My hope is that the next time you see a new model release on Hugging Face or hear about the latest LLM in a meeting, instead of nodding along and pretending you understand the differences, you'll be able to read the model card, identify the deviations from the standard recipe, and form a genuine opinion about whether this model is interesting for your use case — having a pretty clear mental model of what's actually going on under the hood.
Resources
"Attention Is All You Need" (Vaswani et al., 2017) — The O.G. transformer paper. Everything in this section descends from it.
"LLaMA: Open and Efficient Foundation Language Models" (Touvron et al., 2023) — The paper that launched the open-source LLM revolution. Wildly influential.
"RoFormer: Enhanced Transformer with Rotary Position Embedding" (Su et al., 2021) — The RoPE paper. The math is more approachable than you'd expect.

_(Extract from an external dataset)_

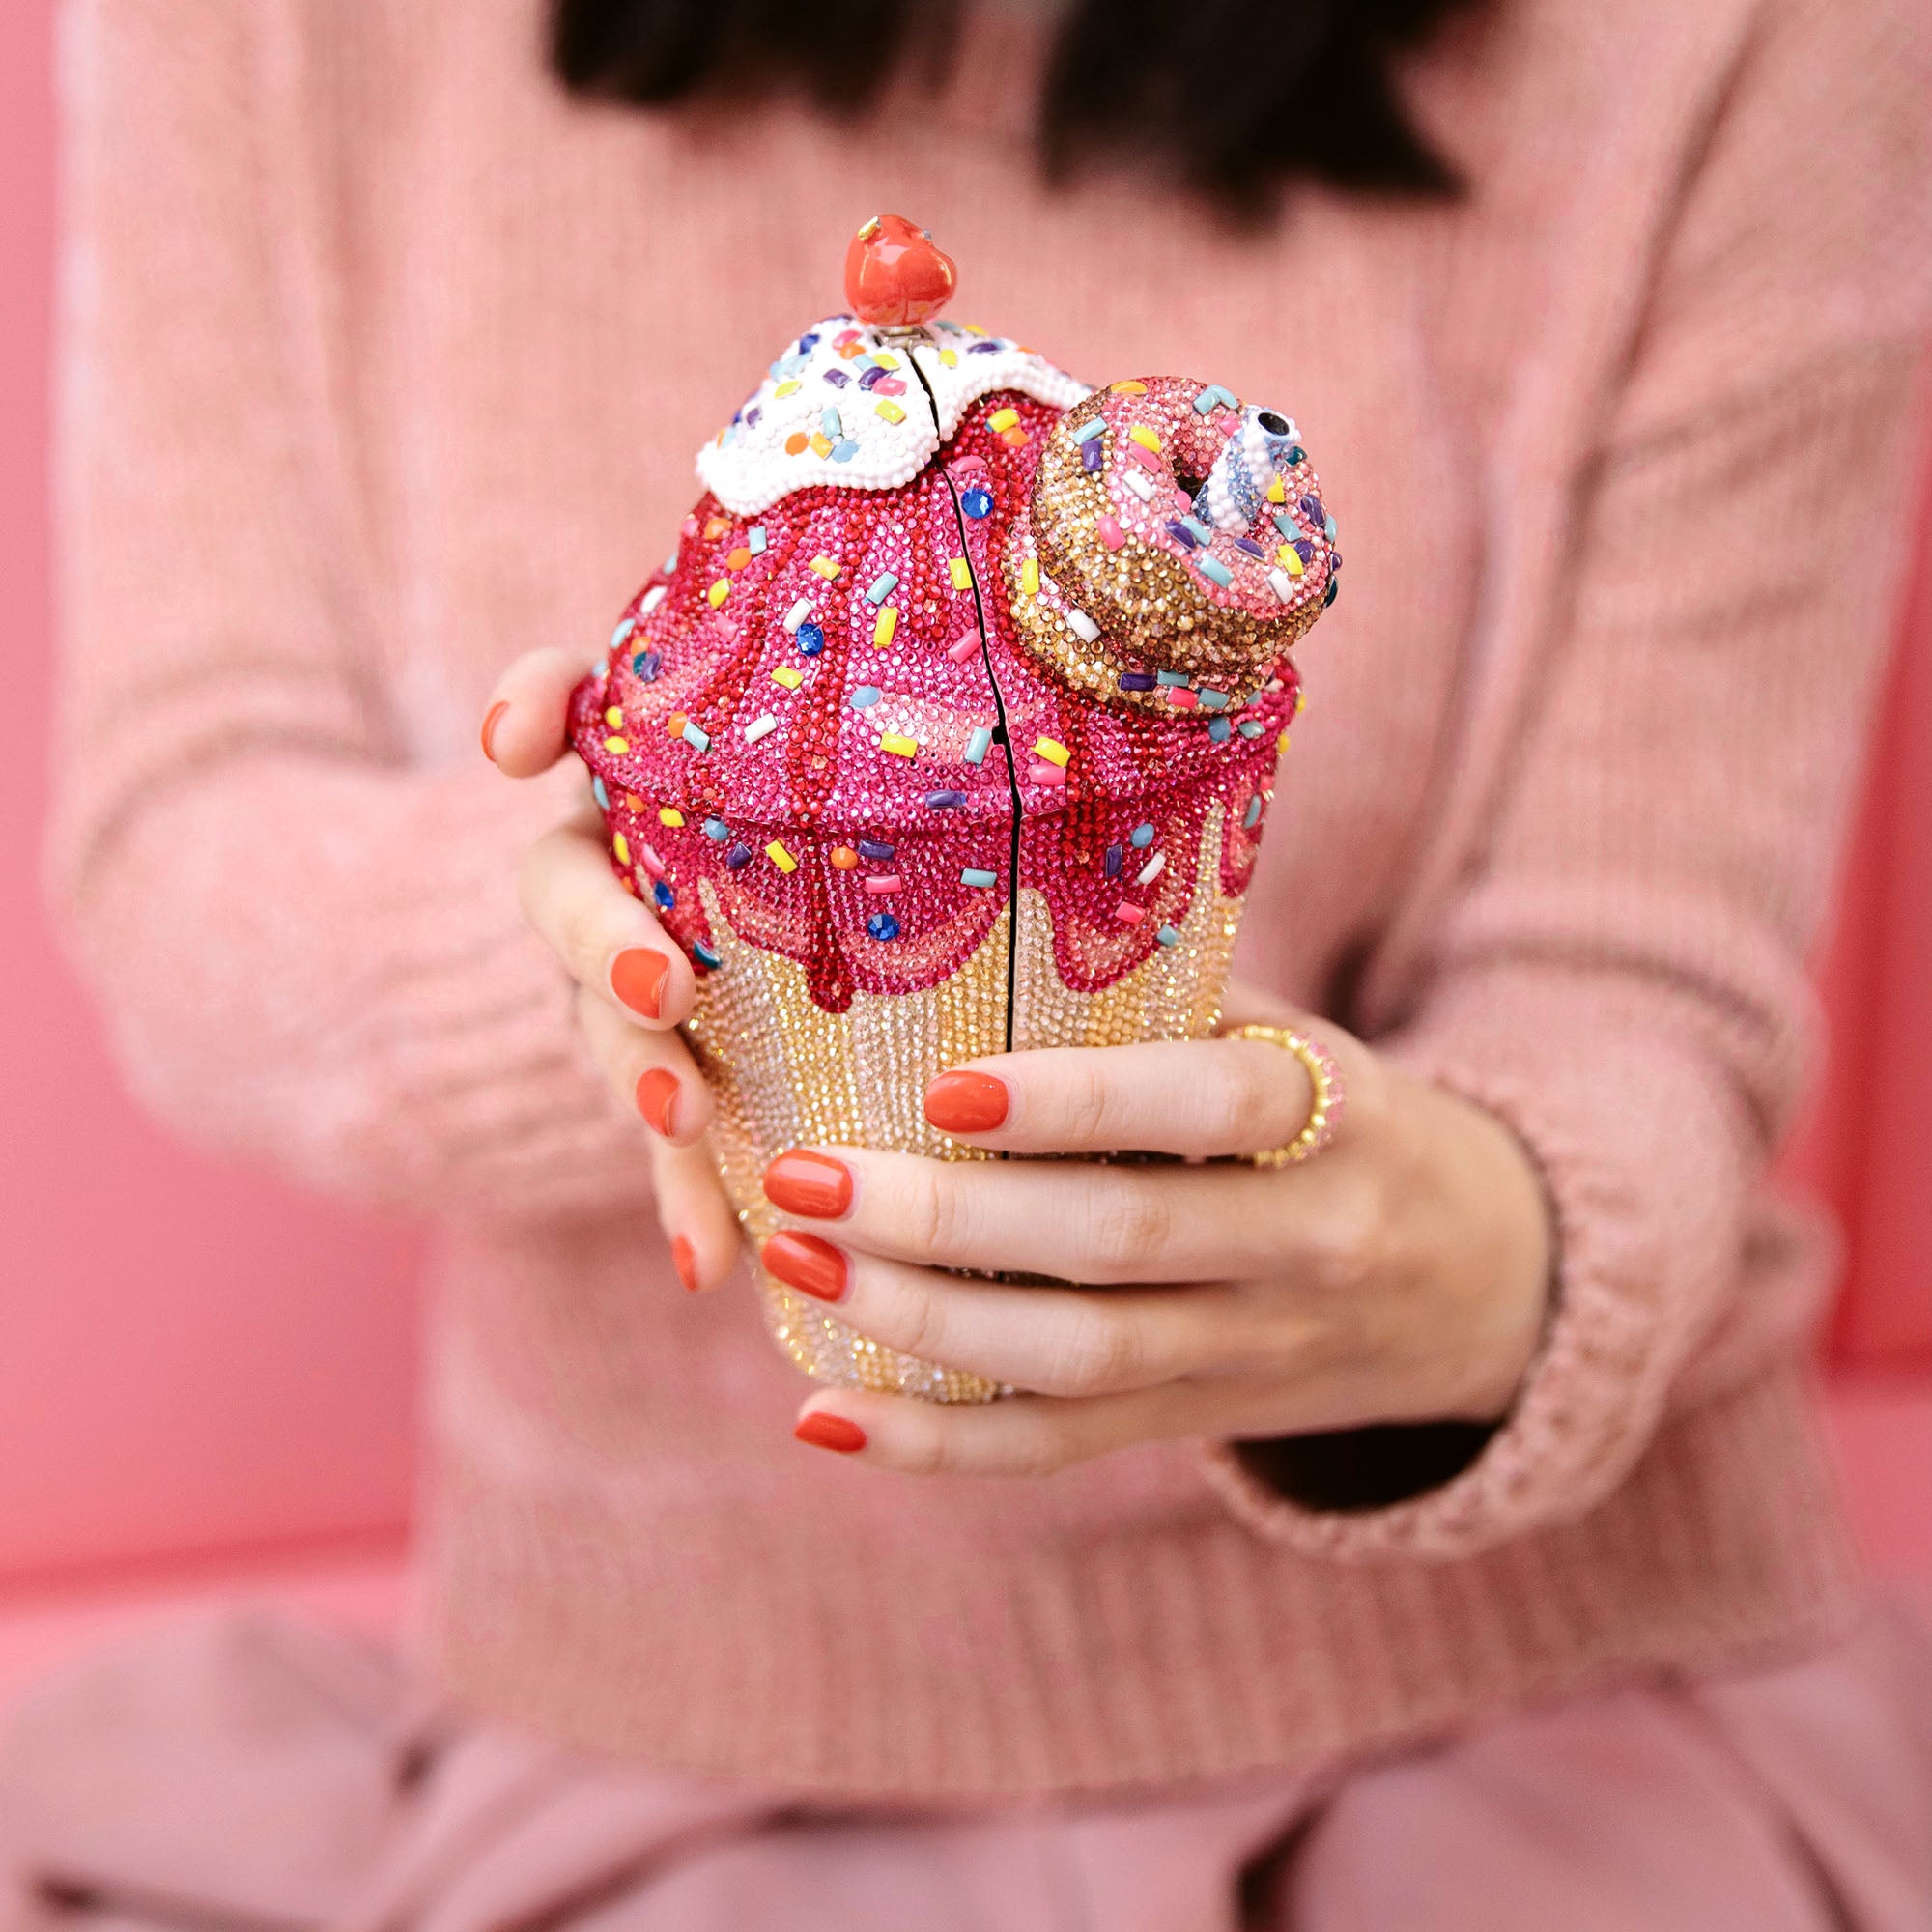 Judith Leiber knows the way to my heart, with crystals hot fudge sundaes -  PurseBlog

"GLU Variants Improve Transformer" (Shazeer, 2020) — Where SwiGLU comes from. A short, empirical paper that changed every model's FFN.
"GQA: Training Generalized Multi-Query Attention" (Ainslie et al., 2023) — The GQA paper. Clear, concise, and the KV cache analysis is insightful.
"Model Cards for Model Reporting" (Mitchell et al., 2019) — The paper that formalized responsible model documentation. Still essential reading.